LCRL: Certified Policy Synthesis via Logically-Constrained Reinforcement
Learning
- URL: http://arxiv.org/abs/2209.10341v1
- Date: Wed, 21 Sep 2022 13:21:00 GMT
- Title: LCRL: Certified Policy Synthesis via Logically-Constrained Reinforcement
Learning
- Authors: Hosein Hasanbeig and Daniel Kroening and Alessandro Abate
- Abstract summary: LCRL implements model-free Reinforcement Learning (RL) algorithms over unknown Decision Processes (MDPs)
We present case studies to demonstrate the applicability, ease of use, scalability, and performance of LCRL.
- Score: 78.2286146954051
- License: http://arxiv.org/licenses/nonexclusive-distrib/1.0/
- Abstract: LCRL is a software tool that implements model-free Reinforcement Learning
(RL) algorithms over unknown Markov Decision Processes (MDPs), synthesising
policies that satisfy a given linear temporal specification with maximal
probability.

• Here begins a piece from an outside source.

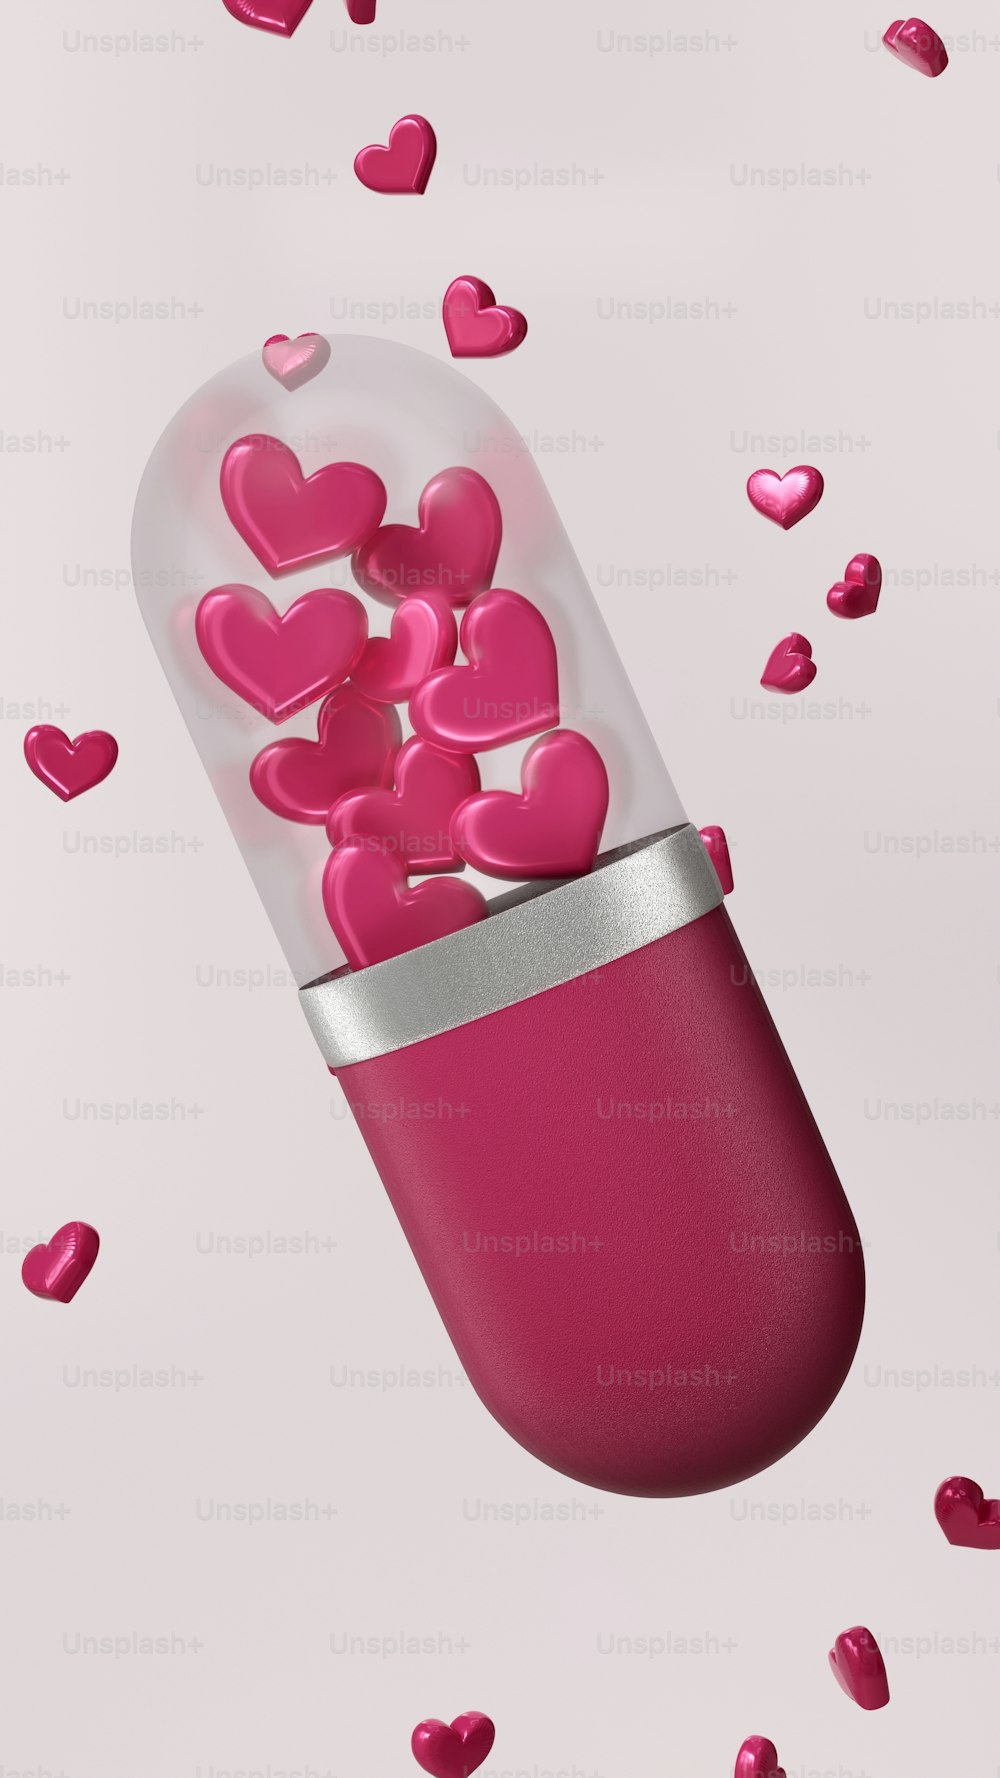 Una píldora rosa llena de corazones rosados sobre un fondo rosa

LCRL leverages partially deterministic finite-state machines known
as Limit Deterministic Buchi Automata (LDBA) to express a given linear temporal
specification. A reward function for the RL algorithm is shaped on-the-fly,
based on the structure of the LDBA. Theoretical guarantees under proper
assumptions ensure the convergence of the RL algorithm to an optimal policy
that maximises the satisfaction probability. We present case studies to
demonstrate the applicability, ease of use, scalability, and performance of
LCRL. Owing to the LDBA-guided exploration and LCRL model-free architecture, we
observe robust performance, which also scales well when compared to standard RL
approaches (whenever applicable to LTL specifications). Full instructions on
how to execute all the case studies in this paper are provided on a GitHub page
that accompanies the LCRL distribution www.github.com/grockious/lcrl.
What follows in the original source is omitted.